WHEN THE GAME'S OVER, ADVENTURE BEGINS IN “WRECK-IT RALPH”
From Walt Disney Animation Studios
and Emmy®-winning director Rich Moore comes "Wreck-It Ralph," a
hilarious, arcade-game-hopping adventure. For decades, Ralph (voice of John C.
Reilly) has been overshadowed by Fix-It Felix, Jr. (voice of Jack McBrayer),
the good-guy star of their game who always gets to save the day. Tired of
playing the role of a bad guy, Ralph takes matters into his own massive hands
and sets off on a journey across the arcade through multiple generations of
video games to prove he's got what it takes to be a hero.
Photo courtesy of Walt Disney Animation |
On
his quest, Ralph meets tough-as-nails Sergeant Calhoun (voice of Jane Lynch)
from the first-person action game Hero’s Duty, and feisty misfit Vanellope von
Schweetz (voice of Sarah Silverman) from the candy-coated cart-racing game
Sugar Rush, who may just be his first real friend. But everything changes when
a deadly enemy is unleashed, threatening the entire arcade and Vanellope
herself. Ralph finally gets his chance to save the day—but can he do it in
time?
When
Rich Moore joined Walt Disney Animation Studios and began developing “Wreck-It
Ralph,” he had a big problem. “Arcade-game characters have no free will,” he
says. “They’re programmed to do one thing day in and day out—they don’t have a
choice in the matter. I thought, ‘That’s boring.’”
Or
is it?
“I
realized it’s actually a great conflict,” says the director. “Within this
world, there are strict rules: you do one job and one job only. What if there
was a character who didn’t like his job?”
At
nine feet tall and 643 pounds, Ralph is certainly a force to be… well,
wreck-oned with. He’s a massive guy charged with wrecking the apartment
building in a place called Niceland. Much to Ralph’s dismay, a spry sport named
Fix-It Felix Jr. is called on to fix the building and save the day with his
magic hammer, earning cheers, accolades and a fancy gold medal from the
Nicelanders.
“Ralph
is the bad guy in an old 1980s arcade game who’s wondering—after 30 years of
playing his assigned role—‘Is this it?’” says Moore. “So, like a lot of us, he
tries to solve an internal problem with an external solution: he’s going to try
to win a medal—if he could win just one, he thinks he’ll earn the kind of love
and respect Felix gets.”
“So
Ralph embarks on this journey across the arcade to try to earn that medal,”

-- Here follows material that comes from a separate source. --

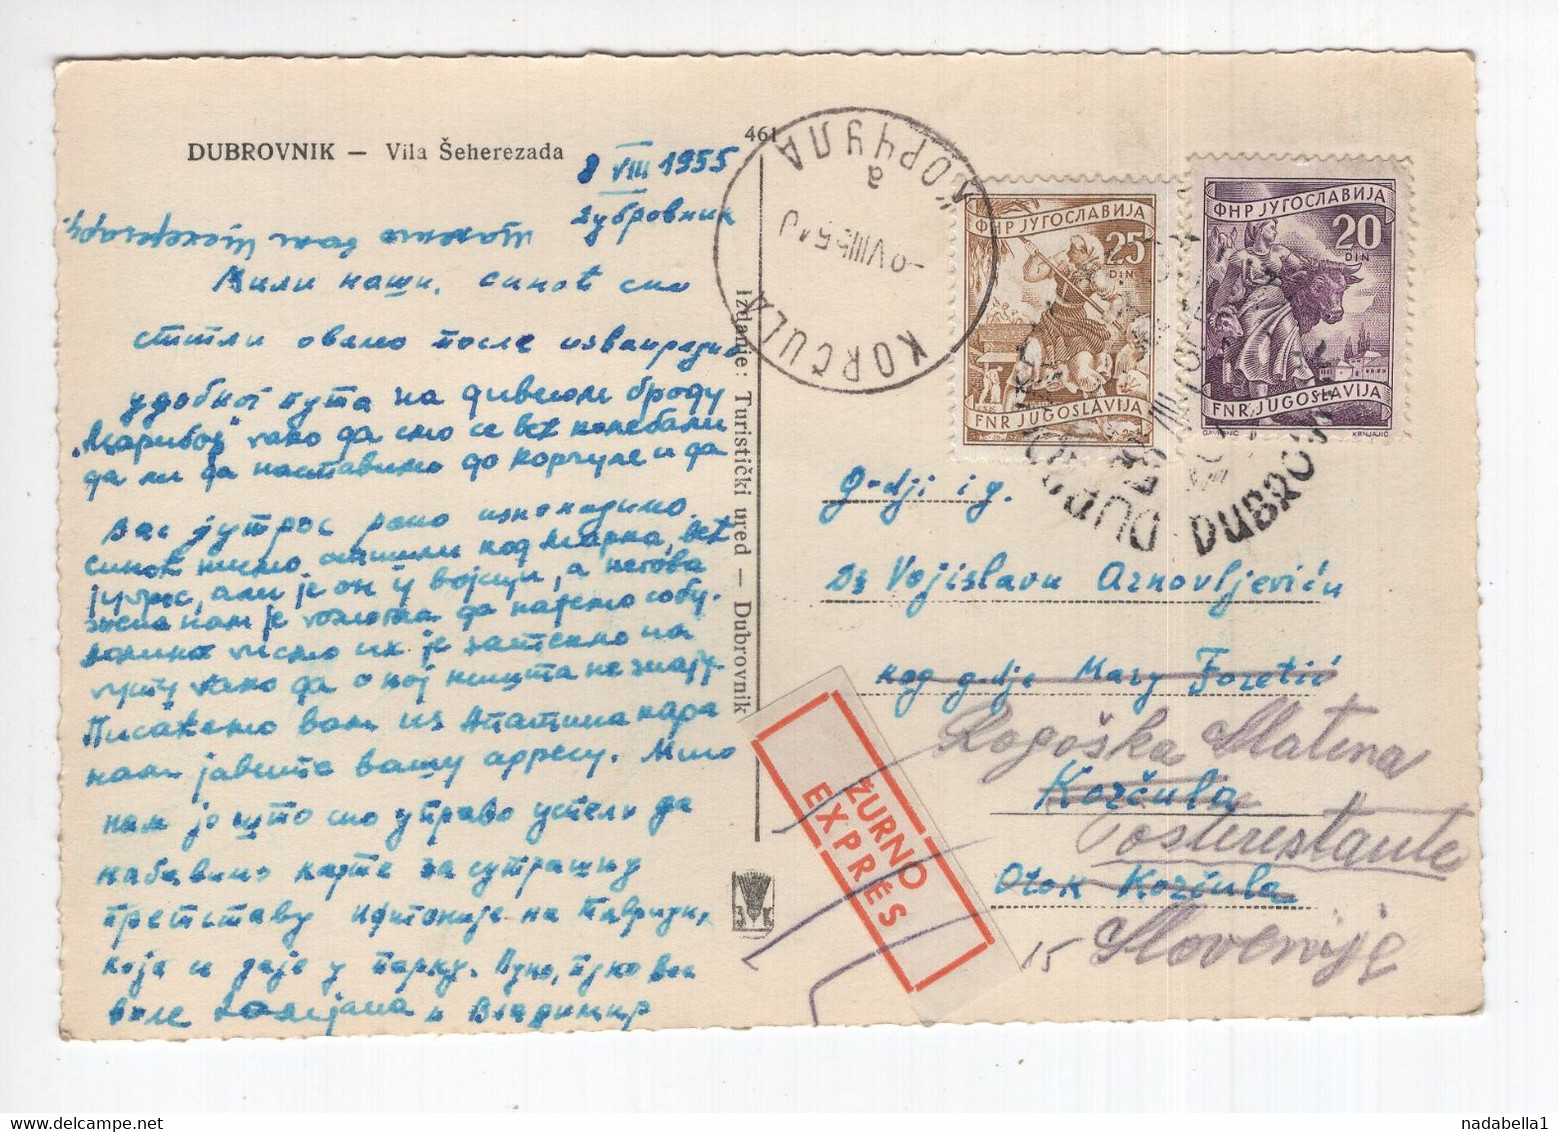 1955. YUGOSLAVIA,CROATIA,DUBROVNIK TO KORCULA,RESENTED RO ROGAŠKA SLATINA 10 + 5 DIN POSTAGE DUE APPLIED,POSTCARD - Postage Due

says producer Clark Spencer. “Of course, the real journey is for him—and
everyone else—to realize that while he’s programmed to be one thing, it doesn’t
mean that’s what he is on the inside.”
Ralph’s
quest will take him from his home in the game Fix-It Felix Jr. into the vast
worlds the arcade has to offer. “We jump from Ralph’s very simple 8-bit world
to Hero’s Duty,” says Spencer. “Hero’s Duty is a modern, first-person shooter
game—it’s brand new, the best game in the arcade, the most advanced game out
there. In this game, Sergeant Calhoun heads up a platoon of soldiers fighting
off Cy-Bugs that are annihilating the universe. It’s very intense.”
His
efforts going awry, Ralph finds himself jetting from the tough world of Hero’s
Duty to something a little sweeter—literally. “Sugar Rush is a 1990s
cart-racing game set in a world that’s made entirely out of candy,” says Moore.
“So this world is more whimsical. It’s got a classic Disney feel mixed with an
anime influence.”
“But
while it has a sweet veneer,” adds Spencer, “there’s a dark side to Sugar
Rush.”
“A
good movie makes the audience feel like they’ve journeyed with the characters,”
says Moore. “I think the audience will expect comedy and action. They’ll expect
the state-of-the-art animation and spectacle that still blows me away. But I
think they’ll be surprised by how much heart the movie has and how much they’re
going to love these characters.”
Opening
across the Philippines in Nov. 01 in Disney Digital 3D and regular theaters,
“Wreck-It Ralph” is distributed by Walt Disney Studios Motion Pictures
International through Columbia Pictures.